3. The learned Senior Counsel has submitted that the release has been prayed for subject to the normal condition that the petitioner would fulfill the adequate security for its release. Upon its release, he would not create any third party right and the truck would be produced before the Authority as and when required.
4. The truck was seized and criminal prosecution was instituted which led to lodging of Sakri PS Case No 73 of 2019, under Sections 420, 120B of the I. P. C. and Section 7 of the Essential Commodities Act (hereinafter referred to as “the Act”).
5. Being owner of the truck bearing registration No. UP 14 GT 6408, the petitioner filed an application for release of the same in the criminal proceedings pending before the C.J.M. Madhubani, as contained in Annexure-4 of the writ petition. A report was received in the said proceeding that the petitioner’s truck is now subject-matter of Confiscation Proceedings bearing No.7 of 2019-20. In view of these developments, the learned C.J.M., Madhubani vide order dated 23.10.2019 refused to exercise his power for release of the vehicle and the petitioner was, thereafter, left with no alternative than to approach the Collector, Madhubani for release of his vehicle.
6. It is submitted by the learned senior counsel for the petitioner that he has already approached the Court of Collector for release of the vehicle. Till date, however, the vehicle inquestion has not been released. The truck has, thus, been in custody of the Authority and lying under the open sky now for more than 21 months.
7. From the F.I.R., forming the basis of the seizure, it is apparent that the only statement in connection with the petitioner’s truck is that it was parked in the premises of an inoperational rice mill by the name of Madhubani Agro Private Limited. He emphasizes that there is no allegation that the foodgrains had actually been loaded on the petitioner’s truck. There was another truck bearing registration number HR 69D 9313, on which 300 bags rice was found loaded, with which the petitioner has no concern. Thereafter, it has been alleged that both trucks were parked in such a manner from which it was clear that in both the trucks foodgrains were being loaded. Presumption of loading has been stated in the F.I.R. based on the manner in which the petitioner’s truck was parked, though there is no allegation that any foodgrain has been found actually loaded on the truck.
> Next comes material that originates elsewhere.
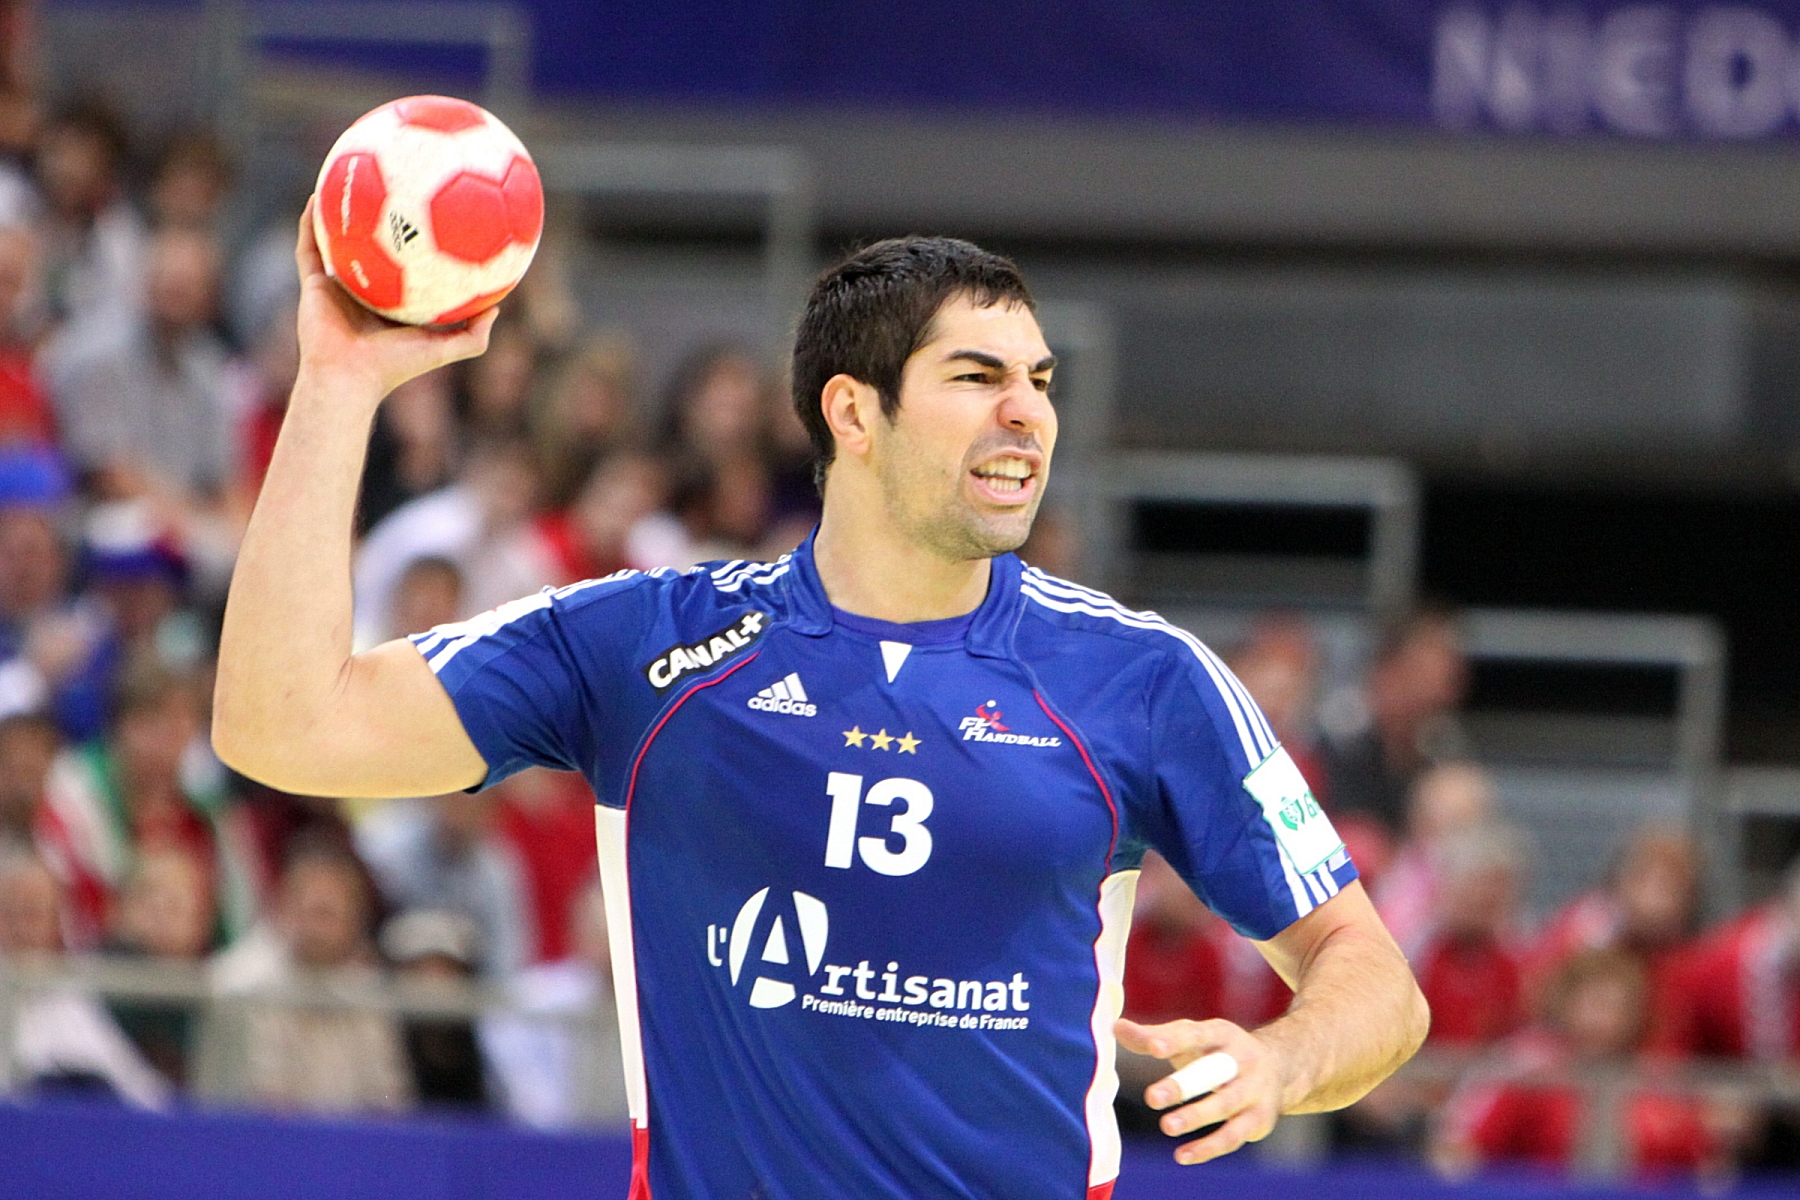 Ciencias Sociales Estadístico Colibrí File:Nikola Karabatić (Montpellier HB) - Handball player of France (2).jpg  - Wikimedia Commons

8. The relevant allegations pertaining to the two trucks in the FIR is as follows:
9. He further submits that the Collector, as per order dated 17.05.2019, passed in the Confiscation proceedings has, in fact, not ordered initiation of Confiscation Proceedings in respect of the truck in question. The order of the Collector is confined to the foodgrains/material seized. There is no mention of the truck and, therefore, there is no confiscation proceedings in respect of the petitioner's truck under the relevant provisions of the Act. Unless an offence is committed the petitioner cannot be deprived of his truck and right to ply the same for his livelihood by resorting to the confiscatory proceedings. In this case no foodgrains have actually been found loaded on the petitioner’s truck. On mere apprehension, based on the alleged fact of vehicle being parked there, the truck in-question could not have been subjected to confiscation proceedings. He has relied upon decision of the Apex Court in the case of Malkiat Singh and another v. The State of Punjab reported in AIR 1970 SC 713.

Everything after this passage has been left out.